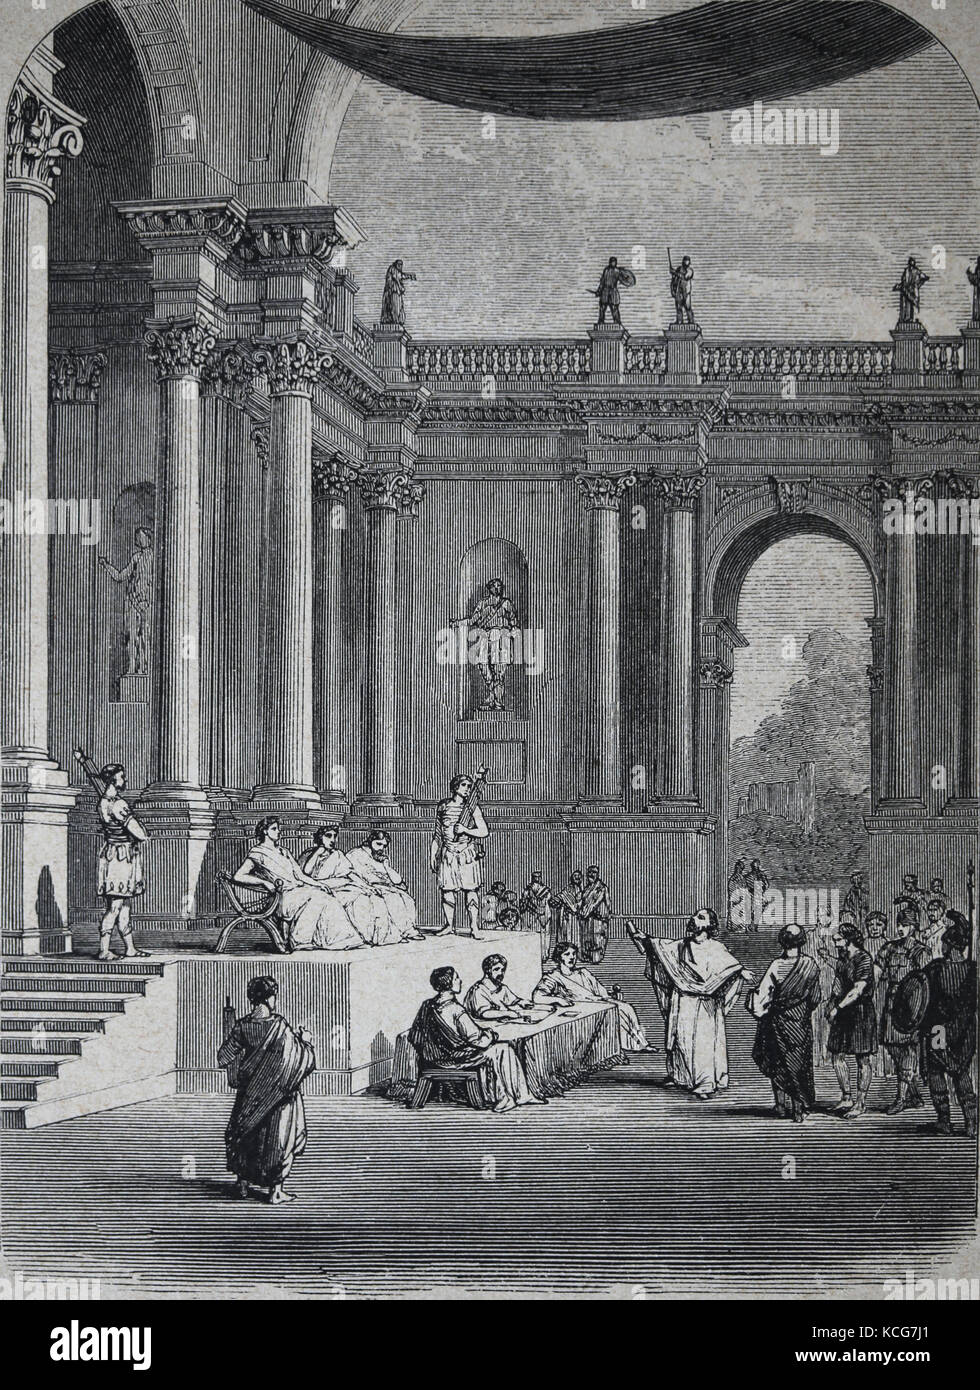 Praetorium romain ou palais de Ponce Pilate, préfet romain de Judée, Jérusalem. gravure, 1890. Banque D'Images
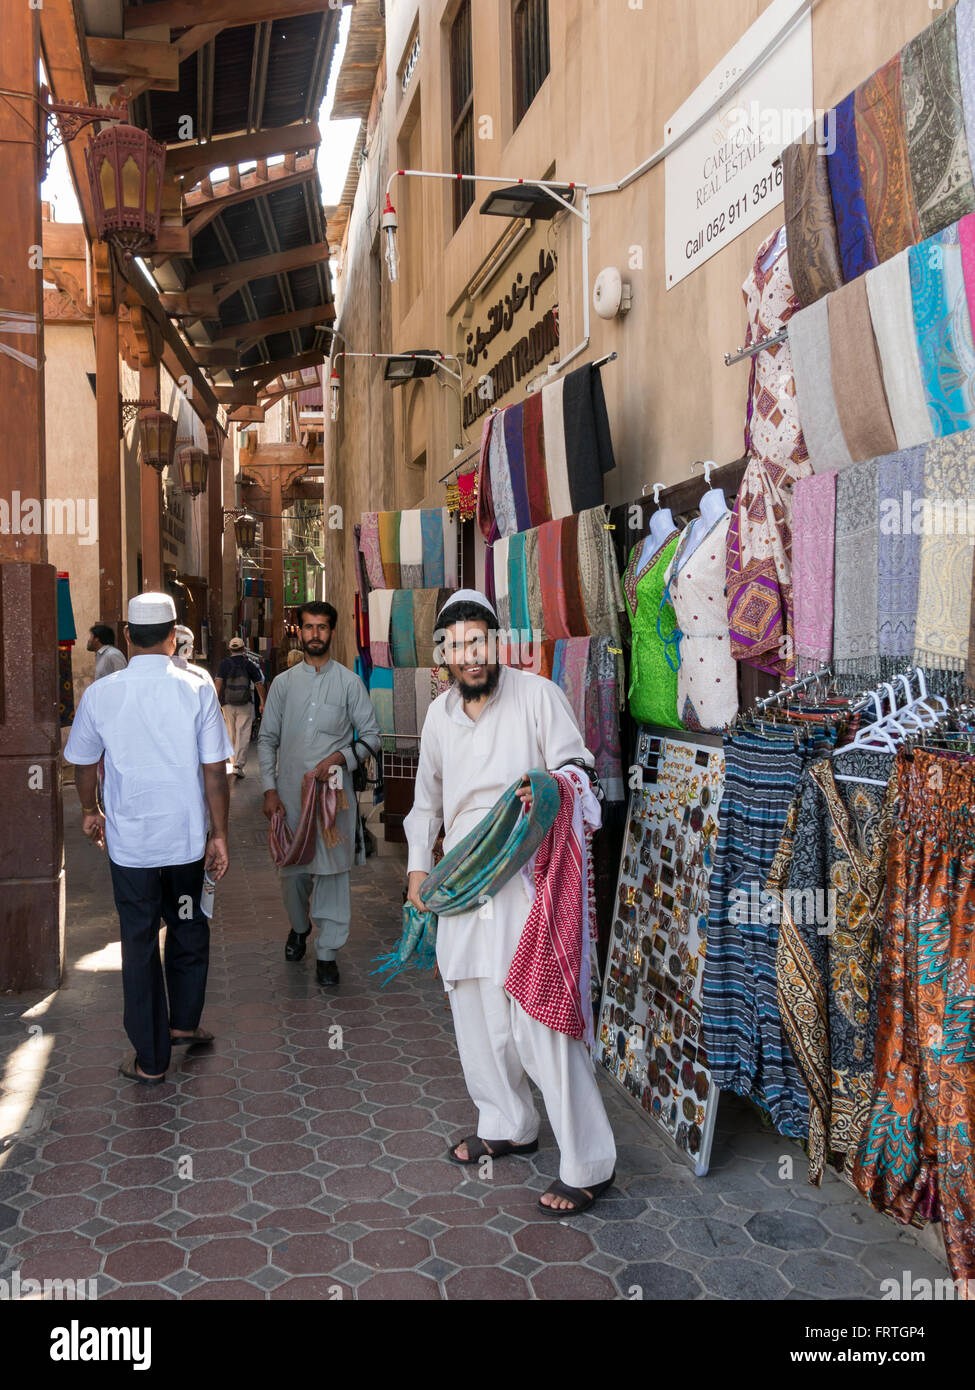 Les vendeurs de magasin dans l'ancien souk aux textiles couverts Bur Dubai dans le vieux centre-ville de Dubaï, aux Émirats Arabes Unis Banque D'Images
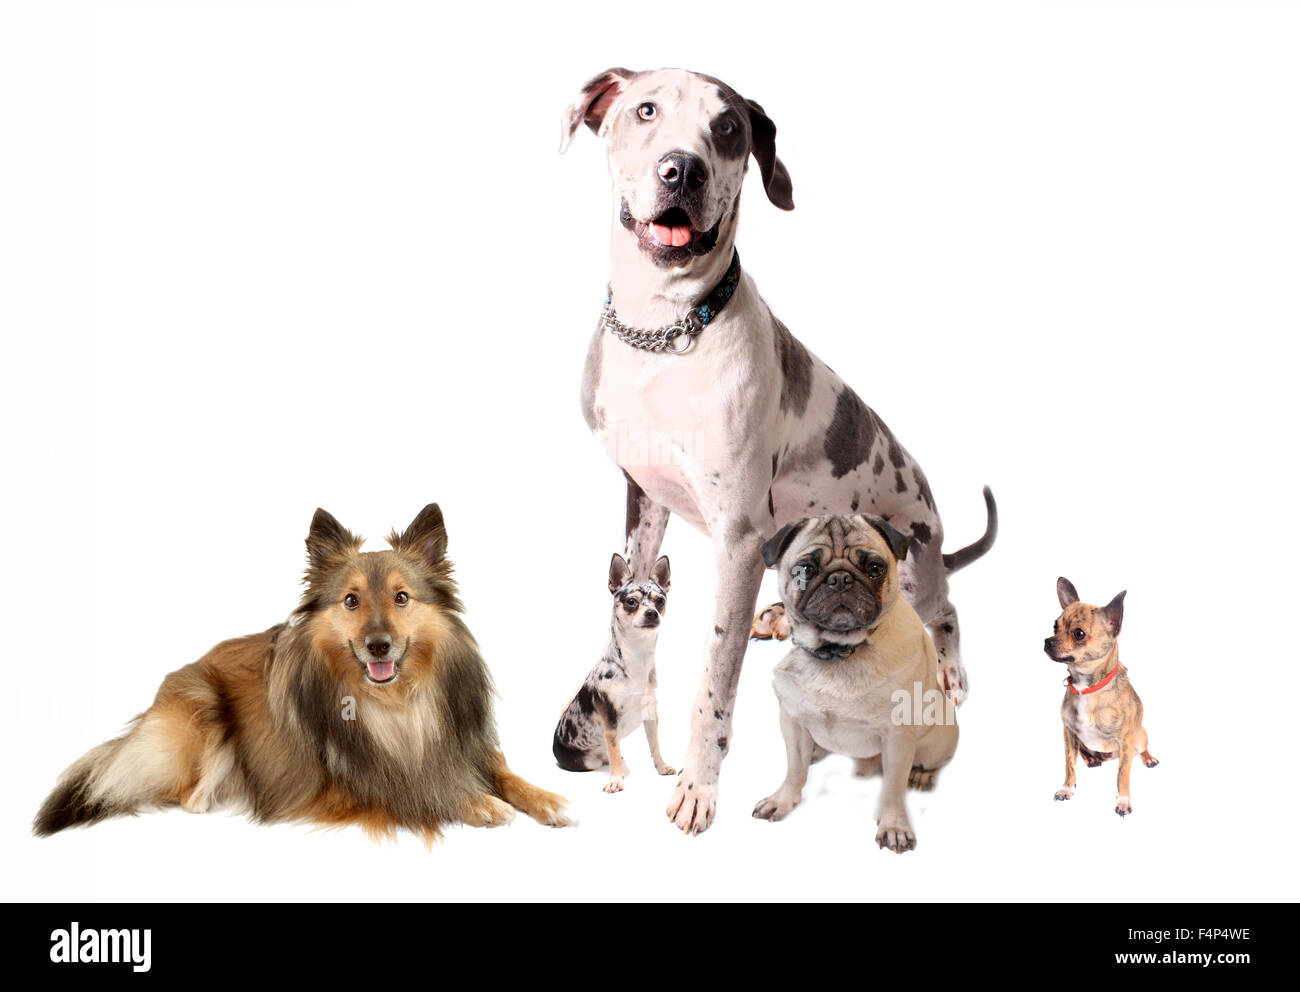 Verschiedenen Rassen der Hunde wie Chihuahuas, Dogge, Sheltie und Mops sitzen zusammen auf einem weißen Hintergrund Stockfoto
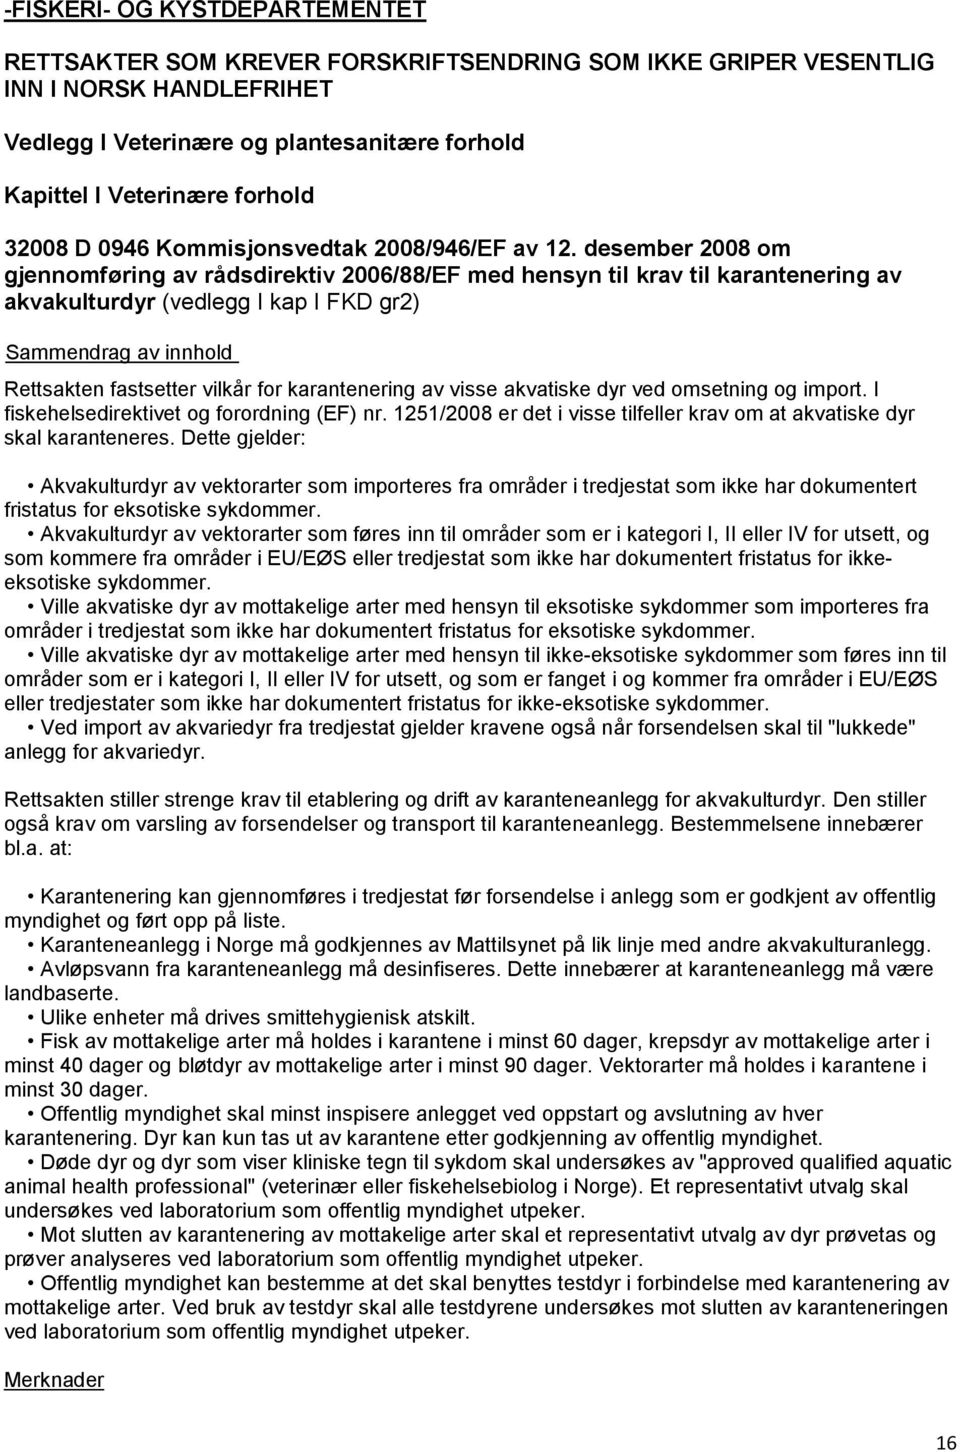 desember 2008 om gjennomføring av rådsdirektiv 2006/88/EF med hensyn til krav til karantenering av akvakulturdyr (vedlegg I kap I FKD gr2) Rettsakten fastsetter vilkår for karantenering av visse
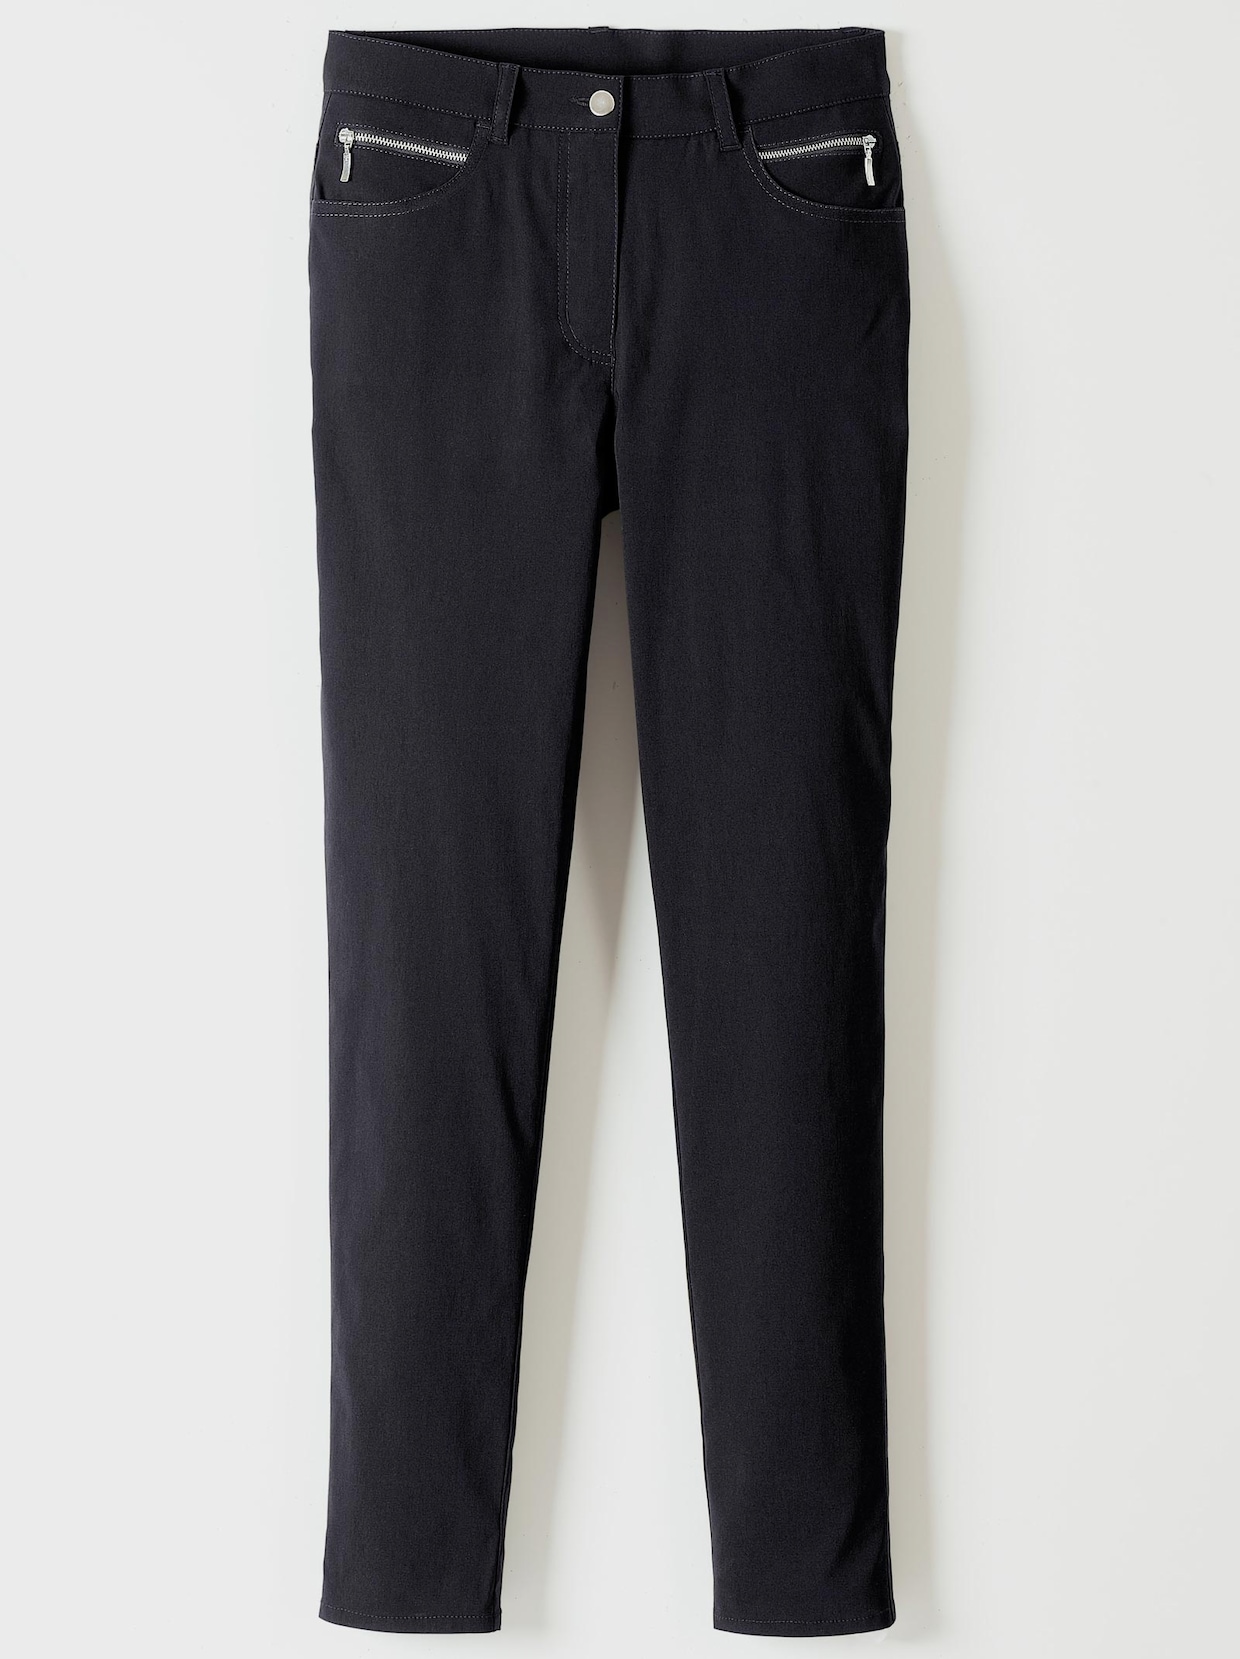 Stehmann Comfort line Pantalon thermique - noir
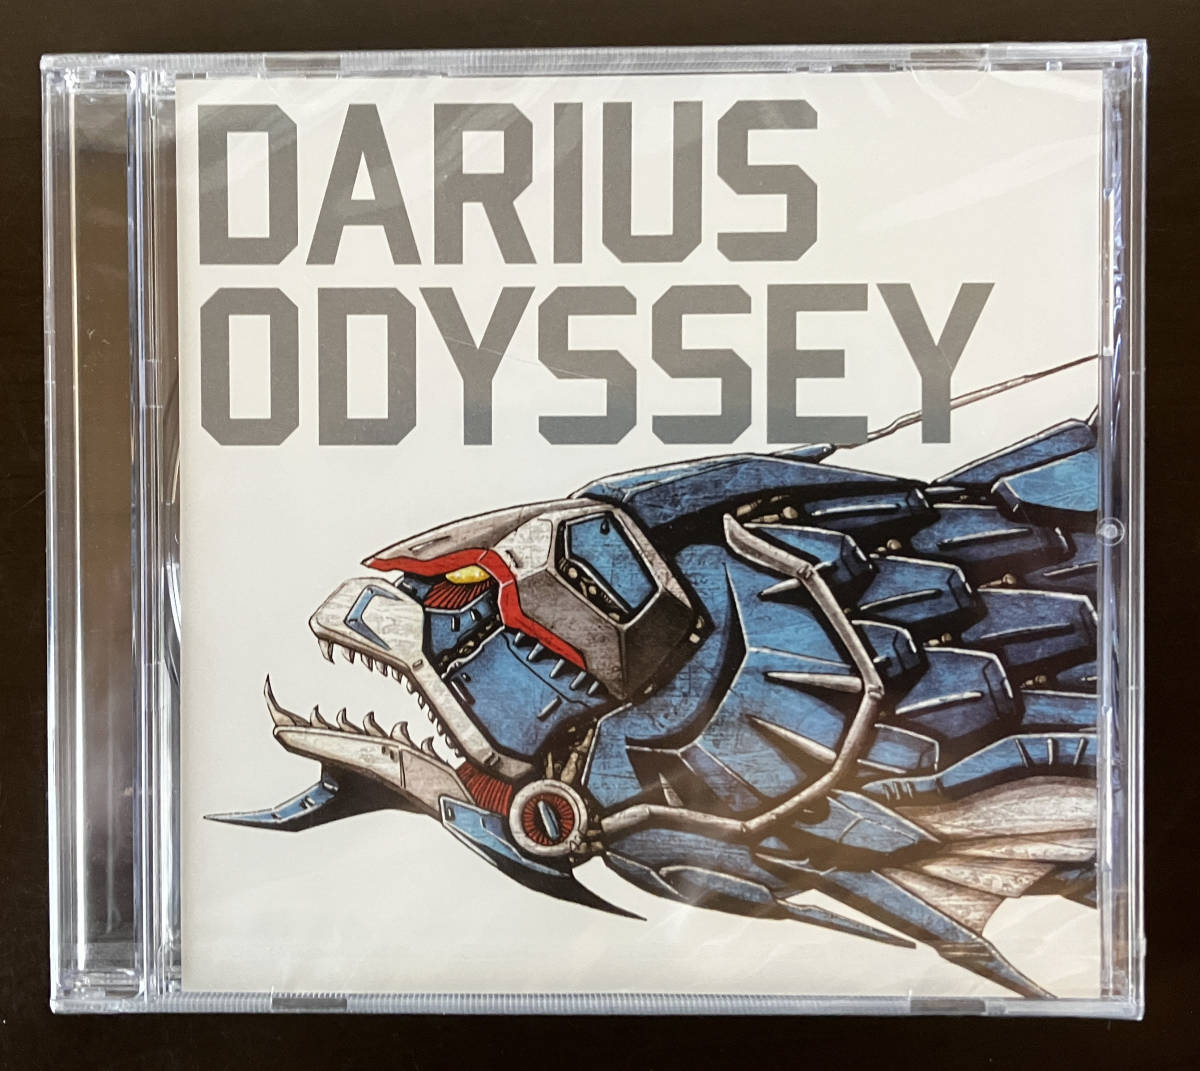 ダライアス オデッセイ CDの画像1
- - - - - - -
(YOUR TASK): Keep the pictures out of the copy and return the rest of the data above exactly.

(RESPONSE BOX):
 Praetorium romain ou palais de Ponce Pilate, préfet romain de Judée, Jérusalem. gravure, 1890. Banque D'Images
 Les vendeurs de magasin dans l'ancien souk aux textiles couverts Bur Dubai dans le vieux centre-ville de Dubaï, aux Émirats Arabes Unis Banque D'Images
 Verschiedenen Rassen der Hunde wie Chihuahuas, Dogge, Sheltie und Mops sitzen zusammen auf einem weißen Hintergrund Stockfoto
 desember 2008 om gjennomføring av rådsdirektiv 2006/88/EF med hensyn til krav til karantenering av akvakulturdyr (vedlegg I kap I FKD gr2) Rettsakten fastsetter vilkår for karantenering av visse
 Stehmann Comfort line Pantalon thermique - noir
 ダライアス オデッセイ CDの画像1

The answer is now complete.